A alucinação de Belchior era desaparecer: o disco que previu sua fuga e escreveu seu silêncio, 50 anos antes

A alucinação de Belchior era desaparecer: o disco que previu sua fuga e escreveu seu silêncio, 50 anos antes

Foi antes da barba ficar branca, muito antes dos jornais anunciarem que ele havia sumido. Antes das imagens clandestinas em hotéis baratos no Uruguai, antes das teorias, antes do “Fantástico”. Antes do desaparecimento, houve outra coisa, mais sutil, quase invisível: um cansaço. Uma espécie de rendição sem entrega. Um gesto de recuo já escrito com raiva e precisão. Em 1976, quando lançou “Alucinação”, Belchior não estava apenas compondo um disco. Estava desenhando uma saída, uma curva para o lado, um mapa cifrado de fuga. “Minha alucinação é suportar o dia a dia.” Era o que ele dizia. Mas quem escutou direito entendeu que havia ali muito mais que um lamento ou crítica. Era uma profecia íntima. A fama não seria lar. O sucesso, uma interrupção. O cotidiano, uma sentença. Havia uma urgência de desaparição já anunciada, só não sabiam.

E talvez seja exatamente por isso que “Alucinação” permanece, quase cinquenta anos depois, como uma das obras mais instigantes, sólidas e enigmáticas da música brasileira. Não apenas pela inovação musical que representou, com sua mistura pouco domesticada de rock, blues, samba, violões regionais e crítica existencial, mas pela nitidez com que traduz o espírito de um artista que já se sabia deslocado, já se entendia transitório, já se pressentia forasteiro de si mesmo. Num tempo em que o país tentava recompor sua identidade cultural entre ruínas da repressão e euforias ensaiadas, Belchior entregou um disco que não celebrava, nem curava.
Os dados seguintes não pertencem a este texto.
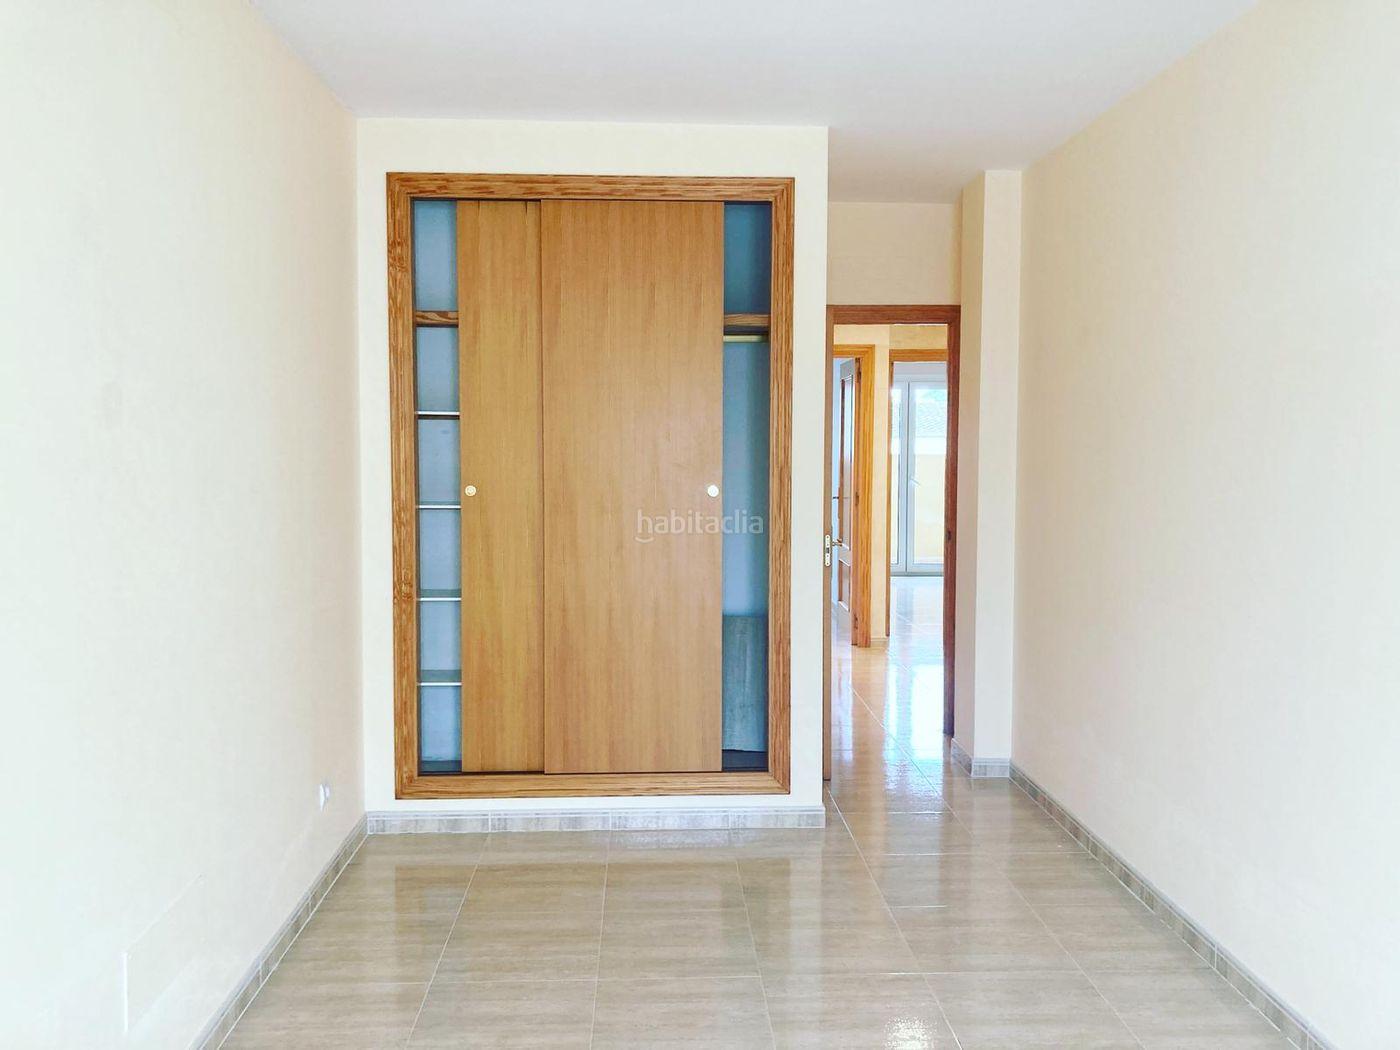 Piso en Felanitx con ascensor y garaje en perfectas condiciones! Felanitx

Era um disco exausto. “Eu quero é que esse canto torto, feito faca, corte a carne de vocês.” Não há purificação no canto. Há corte. E o corte, como se vê, sangra até hoje.

Belchior
Belchior não fugiu: apenas recusou o papel. Desaparecer foi seu jeito mais honesto de continuar dizendo

Na contramão dos impulsos coletivos da música de protesto, da psicodelia escapista, das alegorias tropicais e dos discursos utópicos, Belchior construiu com “Alucinação” uma obra de interioridade bruta. Não há redenção no disco. Tampouco esperança. Há, sim, uma lucidez incomodada, uma espécie de desassossego que se move entre a ironia e a desilusão, e que não se deixa manipular por nenhum delírio coletivo. Ele não quer um hippie com um boi na estrada. Quer a estrada sem metáfora. Quer o chão, a poeira, o banco duro do ônibus noturno, o retrato impiedoso do sujeito comum que está só, muito só. “Alucinação” é moderno porque é irremediavelmente humano. Não se ergue sobre as promessas de um futuro, mas sobre os estilhaços do presente.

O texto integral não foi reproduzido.